- Directed by: Michael Gordon
- Written by: Everett Freeman Karl Tunberg
- Based on: Let Me Count the Ways by Peter De Vries
- Produced by: Robert Enders Everett Freeman
- Starring: Jackie Gleason
- Cinematography: Russell Metty
- Edited by: Ronald Sinclair
- Music by: Randy Sparks
- Production companies: ABC Pictures Freeman-Enders
- Distributed by: Cinerama Releasing Corporation
- Release date: October 1, 1970;
- Running time: 110 mins.
- Country: United States
- Language: English
- Budget: $1,975,000
- Box office: $275,000

= How Do I Love Thee? =

1970 film by Michael Gordon

How Do I Love Thee? is a 1970 American comedy-drama film directed by Michael Gordon. It stars Jackie Gleason and Maureen O'Hara and is based on Peter De Vries's 1965 novel Let Me Count the Ways.

==Plot==
Tom Waltz, a college professor, finds out that Stanley, his father, is in Lourdes, France. He quickly catches a flight there over his wife Marion's objections.

Stanley is a furniture mover, happily married to Elsie but tempted by Lena, an artist. No actual affair takes place, but Lena does give him a poem as a parting gift that Stanley later enters in a contest. He wins a $10,000 prize and donates the money to Tom's department at the university. Tom is rewarded with a promotion over his rival, Littlefield.

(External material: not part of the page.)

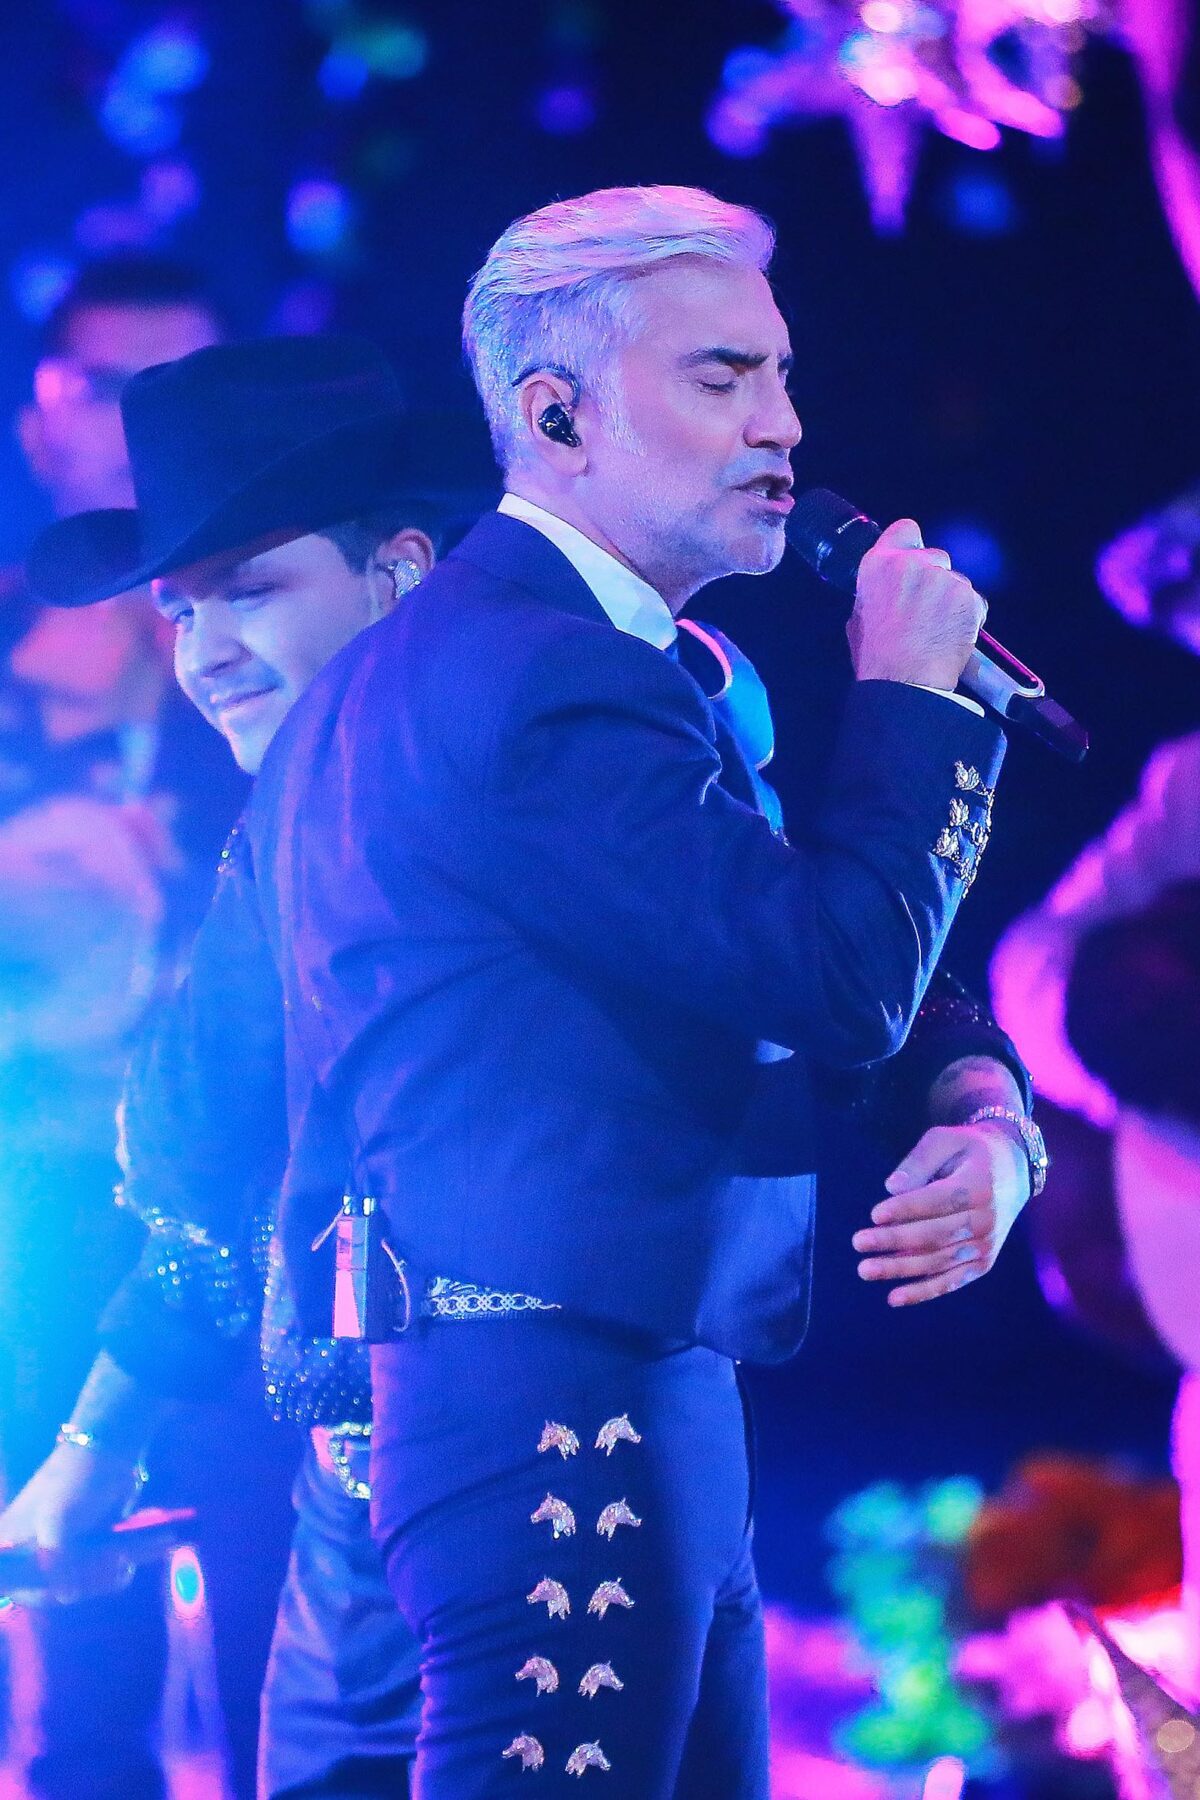 GUADALAJARA, MEXICO - OCTOBER 28: In this image released on November 19, Christian Nodal (L) and Alejandro Fernandez (R) performs at the 2020 Latin Grammy Awards on October 28, 2020, in Guadalajara, Mexico. The 2020 Latin Grammy's aired on November 19, 2020.
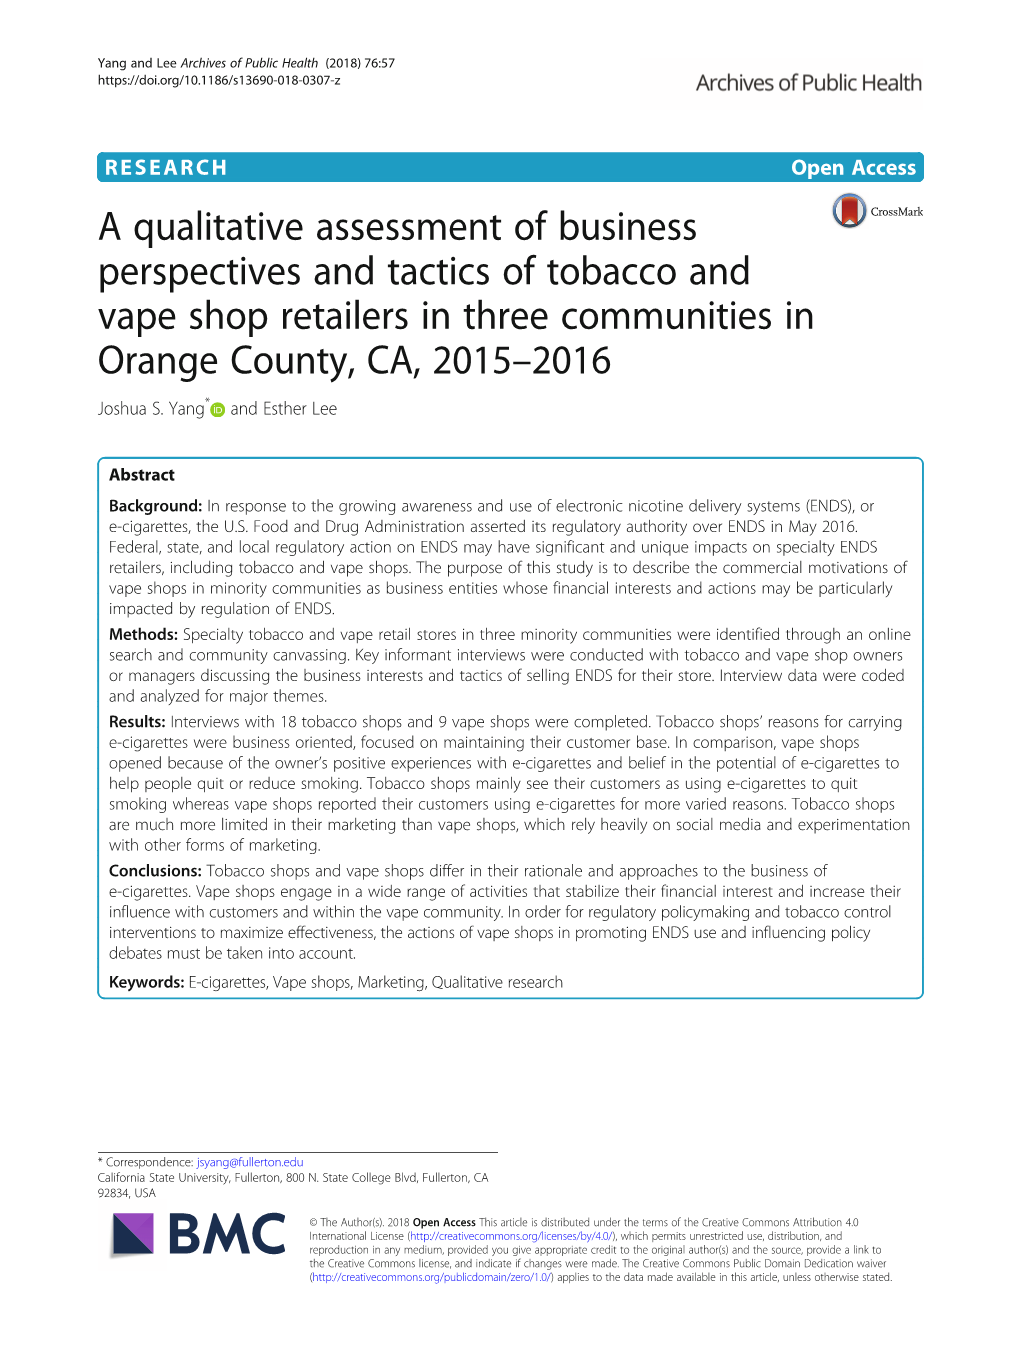 A Qualitative Assessment of Business Perspectives and Tactics of Tobacco and Vape Shop Retailers in Three Communities in Orange County, CA, 2015–2016 Joshua S

Trouble develops when the "original" poem is exposed as being one of Elizabeth Barrett Browning's sonnets. Littlefield gets the job and Tom's reputation is sullied. Stanley prays for divine intervention and Littlefield promptly dies. Stanley flies to Lourdes to atone and pray for forgiveness, but is relieved when Tom informs him that Littlefield's death occurred before his request for help from above.

==Cast==
- Jackie Gleason as Stanley Waltz
- Maureen O'Hara as Elsie Waltz
- Shelley Winters as Lena Mervin
- Rosemary Forsyth as Marion Waltz
- Rick Lenz as Tom Waltz
- Jeffrey Orloff as University of Miami student wearing TKE shirt during campus demonstration

==Production notes==
Filming began in Florida in June 1969. Maureen O'Hara, who accepted the role after a five year absence from the screen, later said she regretted making the film because the script was bad and there were numerous problems on the set.

==Reception==
How Do I Love Thee? premiered in Los Angeles on October 1, 1970. It was a box office failure and recorded an overall loss of $2,425,000. It earned rentals of $150,000 in North America and $125,000 in other countries.

==Home media==
How Do I Love Thee? was released on Region 1 Blu-ray by Kino Lorber Studio Classics on May 15, 2018.